What is required: Filter these entries, keeping only lines that hold the word "レディース".

[Available data — start]

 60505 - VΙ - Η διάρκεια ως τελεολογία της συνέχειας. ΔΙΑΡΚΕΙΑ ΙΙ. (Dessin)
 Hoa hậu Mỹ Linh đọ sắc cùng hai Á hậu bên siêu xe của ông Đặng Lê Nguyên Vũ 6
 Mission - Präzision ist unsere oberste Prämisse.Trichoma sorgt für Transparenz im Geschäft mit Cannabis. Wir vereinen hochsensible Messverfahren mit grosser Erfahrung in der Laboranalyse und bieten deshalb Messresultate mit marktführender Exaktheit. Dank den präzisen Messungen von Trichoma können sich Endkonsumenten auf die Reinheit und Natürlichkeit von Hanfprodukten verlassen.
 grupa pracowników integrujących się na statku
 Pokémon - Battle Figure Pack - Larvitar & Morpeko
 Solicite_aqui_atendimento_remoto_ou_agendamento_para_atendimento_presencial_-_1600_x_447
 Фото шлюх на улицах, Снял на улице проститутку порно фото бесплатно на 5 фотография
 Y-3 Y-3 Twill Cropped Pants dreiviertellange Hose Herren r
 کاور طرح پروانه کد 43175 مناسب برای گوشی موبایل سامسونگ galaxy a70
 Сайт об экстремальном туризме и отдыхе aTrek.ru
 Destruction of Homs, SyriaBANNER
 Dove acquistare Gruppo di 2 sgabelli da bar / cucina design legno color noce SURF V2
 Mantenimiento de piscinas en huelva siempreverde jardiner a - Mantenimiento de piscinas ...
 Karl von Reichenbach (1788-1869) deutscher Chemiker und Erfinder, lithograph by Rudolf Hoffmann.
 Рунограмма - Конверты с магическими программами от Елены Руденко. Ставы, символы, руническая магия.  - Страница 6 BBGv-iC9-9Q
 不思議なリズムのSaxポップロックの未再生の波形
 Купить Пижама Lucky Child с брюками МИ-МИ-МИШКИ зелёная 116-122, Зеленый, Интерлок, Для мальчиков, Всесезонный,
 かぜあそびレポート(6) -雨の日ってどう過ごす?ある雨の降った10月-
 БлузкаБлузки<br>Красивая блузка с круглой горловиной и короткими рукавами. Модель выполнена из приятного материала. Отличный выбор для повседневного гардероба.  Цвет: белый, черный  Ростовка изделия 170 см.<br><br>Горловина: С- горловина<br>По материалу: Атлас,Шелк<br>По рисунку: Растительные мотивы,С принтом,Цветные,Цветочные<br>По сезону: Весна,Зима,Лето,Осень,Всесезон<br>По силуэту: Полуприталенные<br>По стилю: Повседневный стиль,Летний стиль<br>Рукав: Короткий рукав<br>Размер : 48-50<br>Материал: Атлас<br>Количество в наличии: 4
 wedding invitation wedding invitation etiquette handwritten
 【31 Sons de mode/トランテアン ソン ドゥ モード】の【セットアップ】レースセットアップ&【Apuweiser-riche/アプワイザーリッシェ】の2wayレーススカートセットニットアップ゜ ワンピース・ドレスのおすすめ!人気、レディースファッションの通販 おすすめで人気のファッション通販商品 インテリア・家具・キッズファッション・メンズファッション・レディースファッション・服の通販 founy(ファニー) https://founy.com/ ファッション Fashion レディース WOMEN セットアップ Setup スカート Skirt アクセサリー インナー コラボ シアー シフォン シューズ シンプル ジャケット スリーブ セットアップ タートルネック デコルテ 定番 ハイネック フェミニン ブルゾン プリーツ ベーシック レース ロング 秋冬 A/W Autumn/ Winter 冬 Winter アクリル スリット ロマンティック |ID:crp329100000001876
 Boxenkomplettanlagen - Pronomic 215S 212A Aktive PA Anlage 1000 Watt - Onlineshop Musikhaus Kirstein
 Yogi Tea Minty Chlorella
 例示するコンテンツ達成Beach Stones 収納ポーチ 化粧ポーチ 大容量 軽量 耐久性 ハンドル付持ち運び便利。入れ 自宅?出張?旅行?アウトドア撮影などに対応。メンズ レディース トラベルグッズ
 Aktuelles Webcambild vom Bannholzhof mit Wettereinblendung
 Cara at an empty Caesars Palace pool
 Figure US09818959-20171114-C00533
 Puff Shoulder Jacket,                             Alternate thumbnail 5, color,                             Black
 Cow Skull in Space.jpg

[Available data — finish]

Written response:
 【31 Sons de mode/トランテアン ソン ドゥ モード】の【セットアップ】レースセットアップ&【Apuweiser-riche/アプワイザーリッシェ】の2wayレーススカートセットニットアップ゜ ワンピース・ドレスのおすすめ!人気、レディースファッションの通販 おすすめで人気のファッション通販商品 インテリア・家具・キッズファッション・メンズファッション・レディースファッション・服の通販 founy(ファニー) https://founy.com/ ファッション Fashion レディース WOMEN セットアップ Setup スカート Skirt アクセサリー インナー コラボ シアー シフォン シューズ シンプル ジャケット スリーブ セットアップ タートルネック デコルテ 定番 ハイネック フェミニン ブルゾン プリーツ ベーシック レース ロング 秋冬 A/W Autumn/ Winter 冬 Winter アクリル スリット ロマンティック |ID:crp329100000001876
 例示するコンテンツ達成Beach Stones 収納ポーチ 化粧ポーチ 大容量 軽量 耐久性 ハンドル付持ち運び便利。入れ 自宅?出張?旅行?アウトドア撮影などに対応。メンズ レディース トラベルグッズ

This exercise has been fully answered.